Sumo Polaris II power amplifier Measurements

Sidebar 1: Measurements

All the measurements were made after each amplifier had been preconditioned by running it at one-third full power into 8 ohms for an hour. This thermally stresses the amp to the maximum, though the Polaris didn't overheat. The Sumo's small-signal frequency response (fig.1) showed no surprises; neither did the shape of a 10kHz squarewave (fig.2). Both indicated a flat response, which is as it should be for a power amplifier. The input impedance at 1kHz was a reasonable 45k ohms while the signal polarity was the same as the other three amplifiers tested (Muse Model 100, Counterpoint SA-100, VTL Tiny Triode): non-inverting.

Fig.1 Sumo Polaris II, frequency response at 2.83V into 8 ohms (0.5dB/vertical div., right channel dashed).

Fig.2 Sumo Polaris II, small-signal 10kHz squarewave into 8 ohms.

The sensitivity was significantly lower than the other three, it taking 138mV at 1kHz to give 1W output into an 8 ohm load, this equating to 26.2dB overall gain. Unweighted noise, too, was low at 76.2dB below 1W into 8 ohms, while DC offsets were a little high at –35mV/–75mV (L/R).
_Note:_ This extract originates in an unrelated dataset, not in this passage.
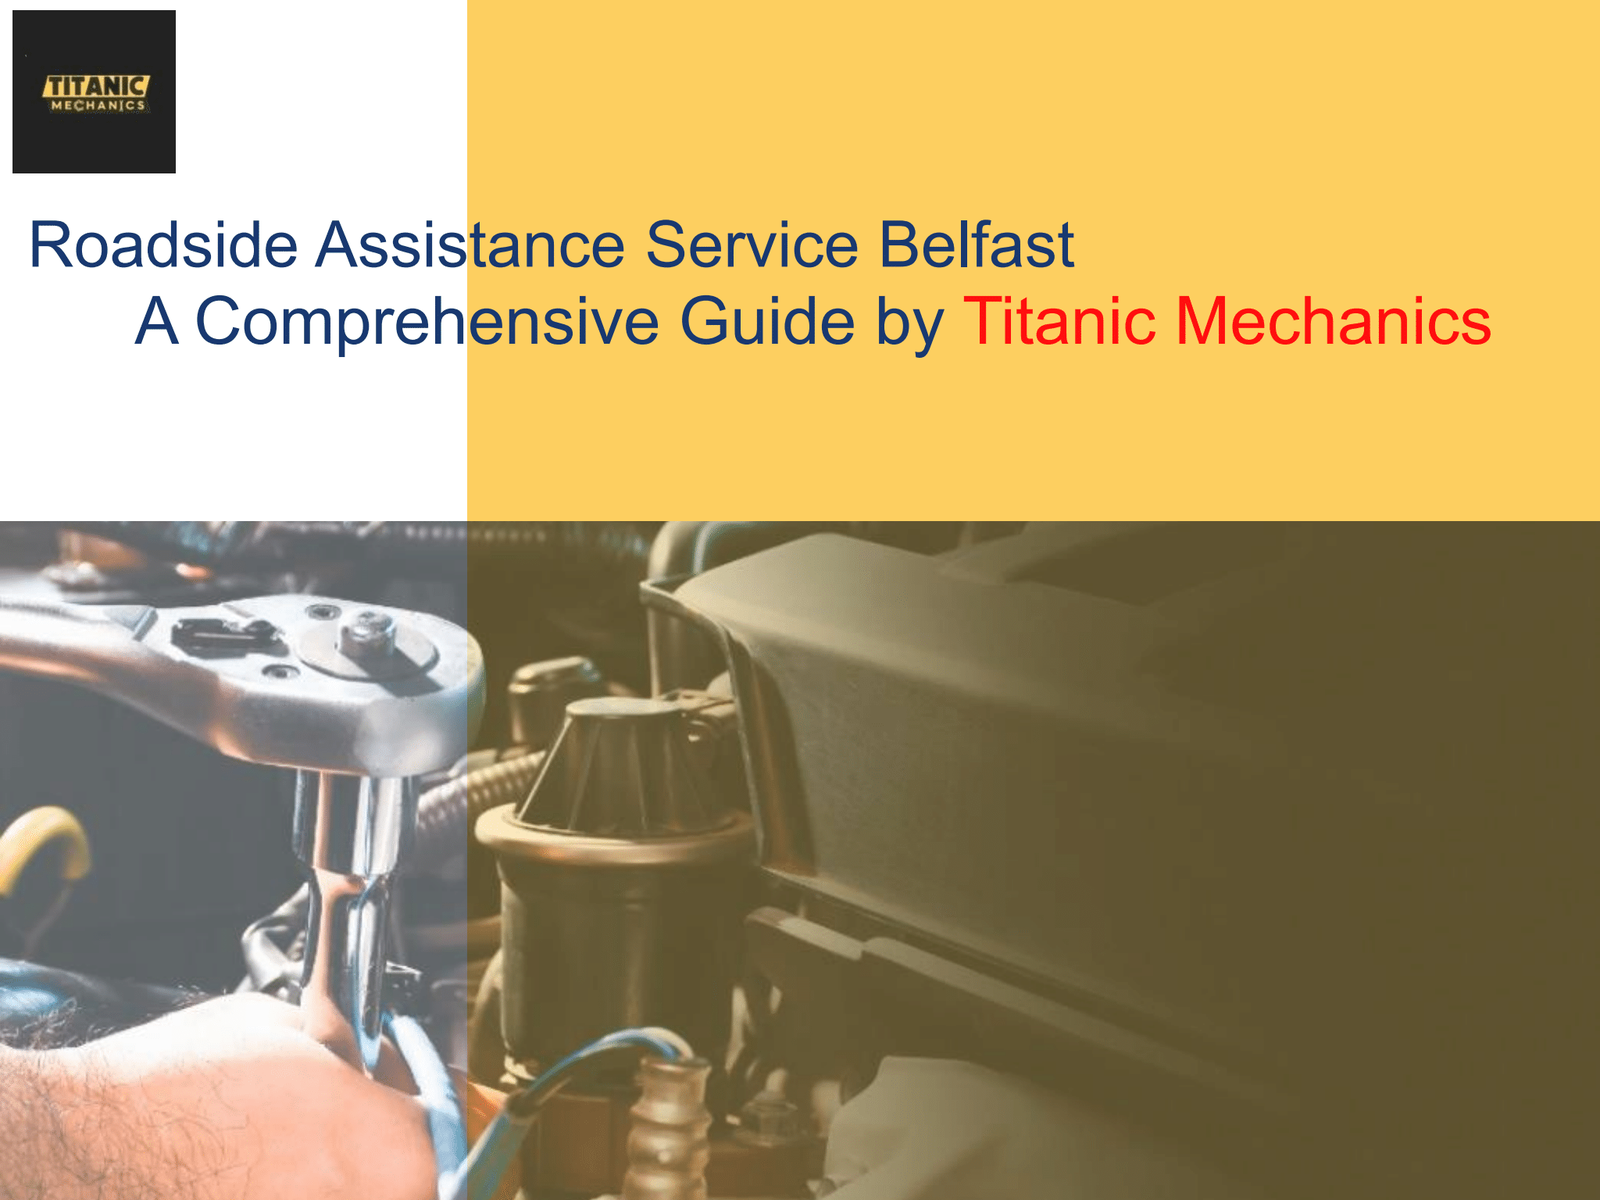 Dropbox - Roadside Assistance Service Belfast A Comprehensive Guide by Titanic Mechanics.pptx - Simplify your life

Channel separation was excellent at better than 100dB below 600Hz, this worsening via capacitive coupling to 67dB at 20kHz.

Unlike the other three amplifiers, the Polaris's output impedances were typical of a solid-state design in being low. The right channel, for example, measured 0.09 ohms at 20Hz and 1kHz, rising to 0.11 ohms at 20kHz. The left channel was higher, however, at 0.15 ohms and 0.2 ohms at the same frequencies, which might suggest a problem.

My suspicions were confirmed when I measured the way in which distortion and noise changed with frequency (fig.3). From bottom to top at 100Hz, the traces represent THD and noise at 2.83V output: right channel into 8 ohms; right channel into 4 ohms; left channel into 8 ohms; left channel into 4 ohms; right channel into 2 ohms. While the right-channel figures are very low—much lower, for example, than any of the other amplifiers in this report—there is a significant rise in left-channel distortion with frequency, which could well correlate with the graininess CG noticed in the Sumo's sound (although the somewhat forward midrange balance, in my experience, could well have something to do with the amp's Mylar coupling caps).

Fig.3 Sumo Polaris II, THD+N (%) vs frequency at 2.83V into (from bottom to top): 8 and 4 ohms, right channel; 8 and 4 ohms, left channel; 2 ohms, right channel.

The individual distortion waveforms of the right (fig.4) and left channels (fig.5) show why this should be so: While the right channel offers almost pure third harmonic with a bit of hum, the left channel features significant spikes at the sinewave zero-crossing points. It turned out that the distortion-trim control on the left channel didn't work—Sumo hand-trims the distortion-canceling circuitry of every Polaris before it leaves the factory—and had probably been damaged during the amplifier's travels around the US. (The review sample had been heavily used for demonstration purposes before we received it.) All subsequent measurements were performed on the right channel, this being assumed to be typical of production.

Fig.4 Sumo Polaris II, 1kHz waveform at 1W into 8 ohms, right channel (top), THD+N; distortion and noise waveform with fundamental notched out (bottom, not to scale).

Fig.5 Sumo Polaris II, 1kHz waveform at 1W into 8 ohms, left channel (top), THD+N; distortion and noise waveform with fundamental notched out (bottom, not to scale).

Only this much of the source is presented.